** Data records **
- - - -

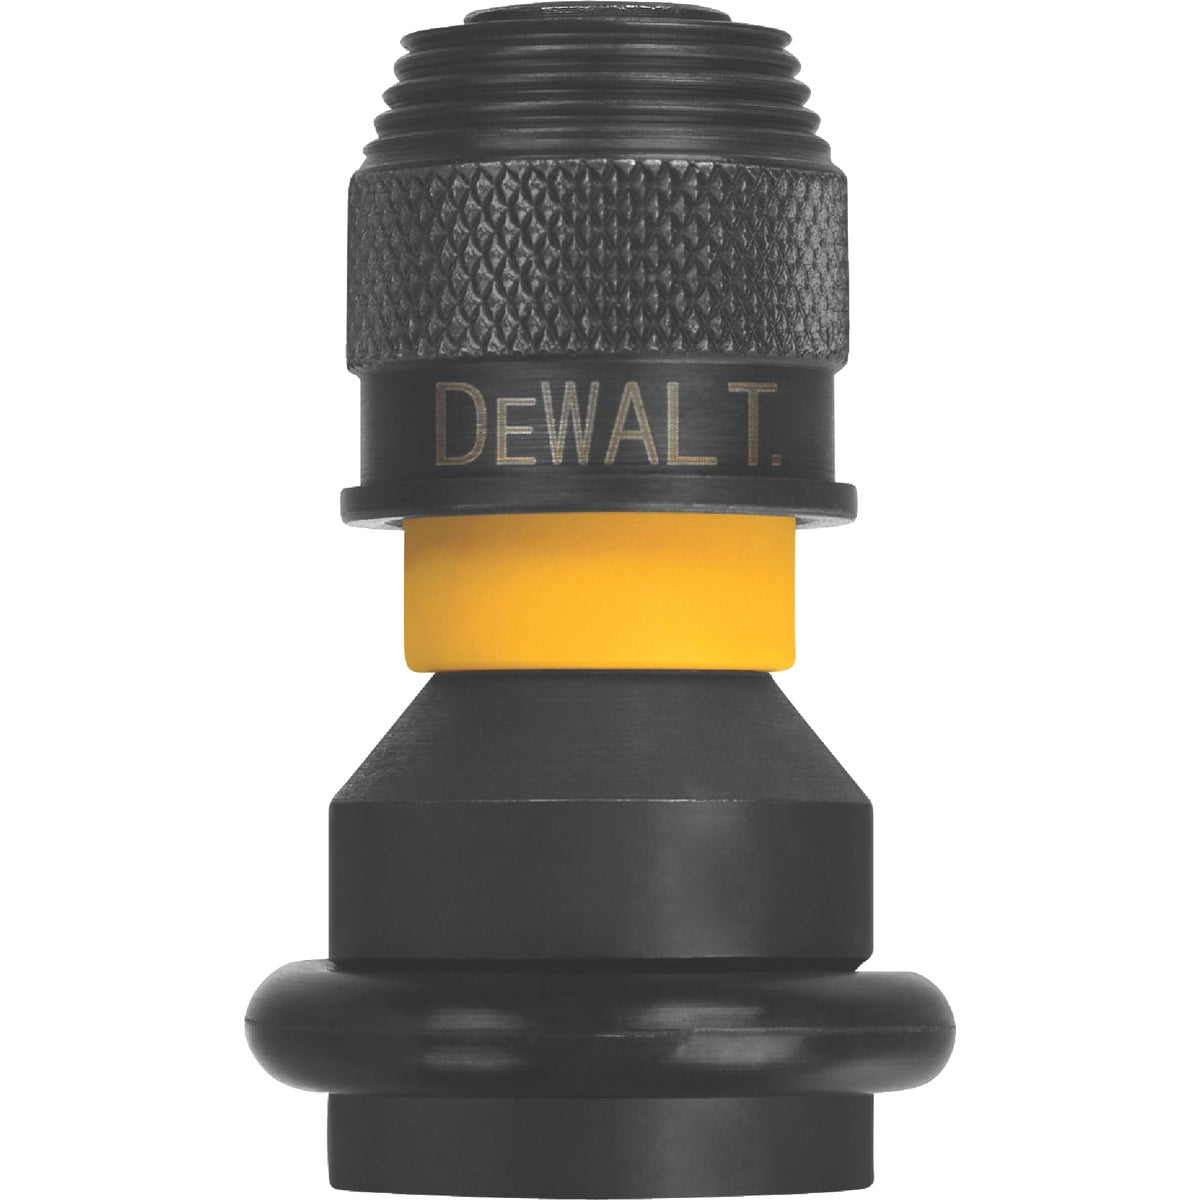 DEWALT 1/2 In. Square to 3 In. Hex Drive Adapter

- - - -

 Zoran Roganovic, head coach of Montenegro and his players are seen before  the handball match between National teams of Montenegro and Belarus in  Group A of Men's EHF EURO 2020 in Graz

- - - -

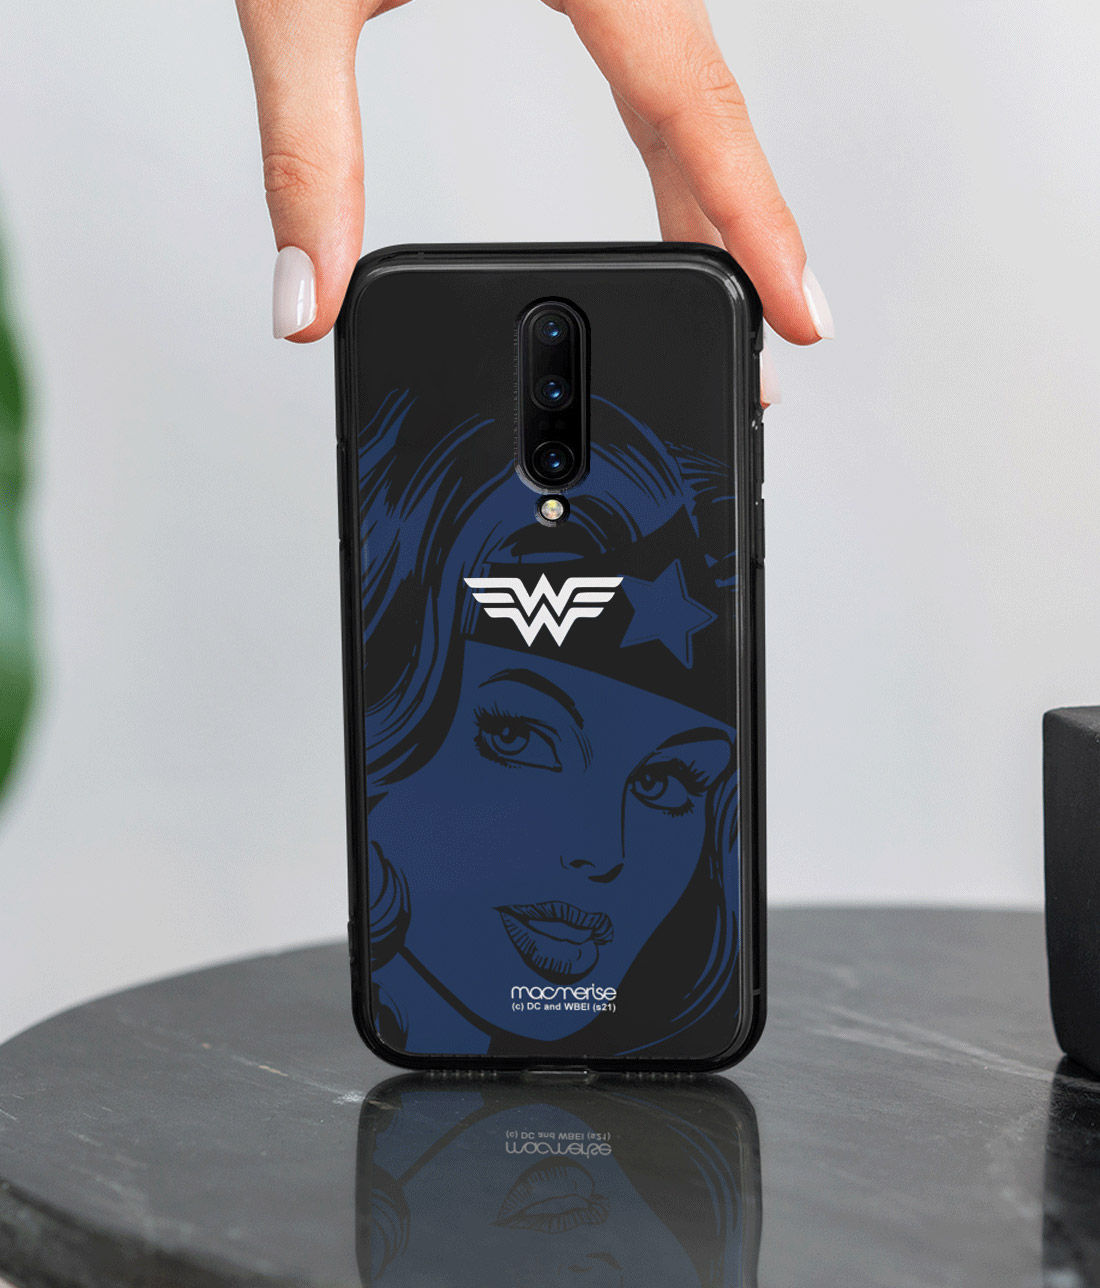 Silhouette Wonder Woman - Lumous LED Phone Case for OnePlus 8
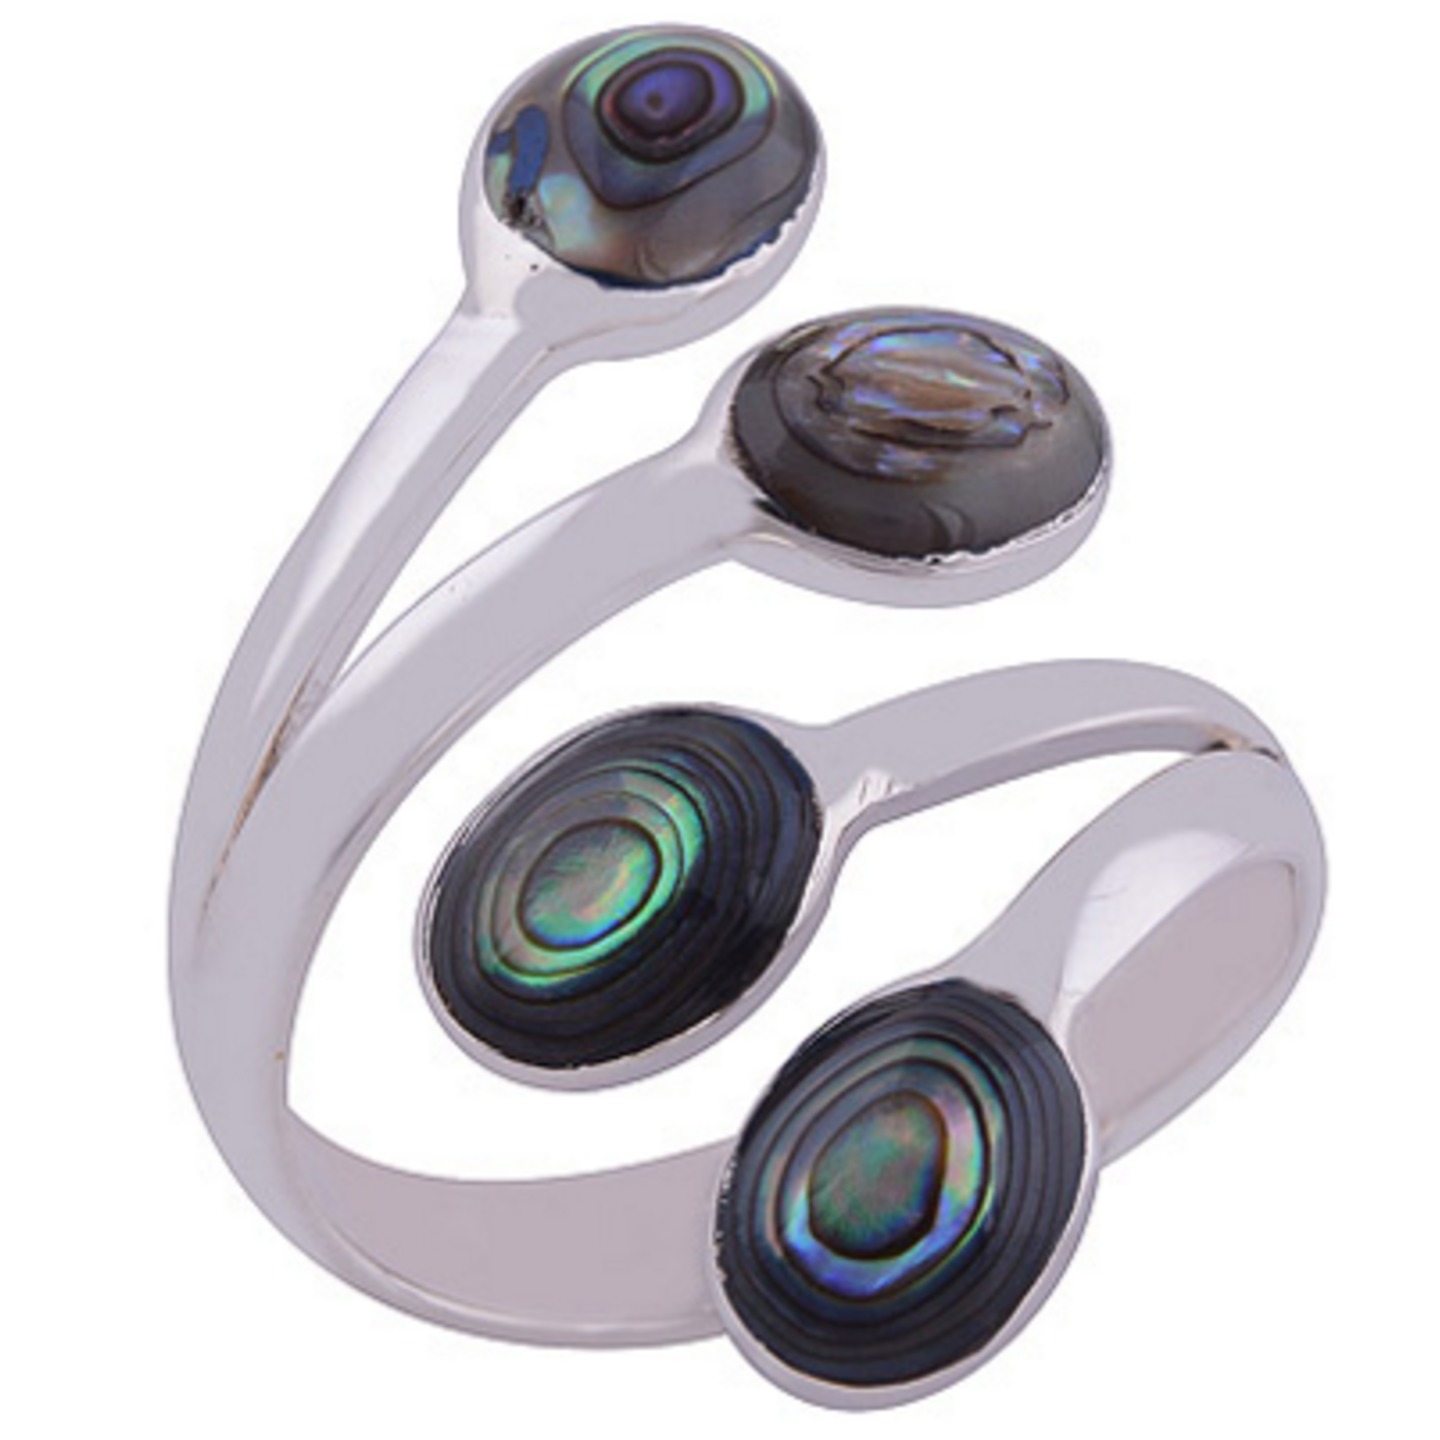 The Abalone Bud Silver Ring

- - - -

** Try it **
Without the pictures, give again exactly the lines above starting at the line containing "Silhouette Wonder Woman" and ending at the line containing "The Abalone Bud Silver Ring".

** Solution to this problem **
 Silhouette Wonder Woman - Lumous LED Phone Case for OnePlus 8
 The Abalone Bud Silver Ring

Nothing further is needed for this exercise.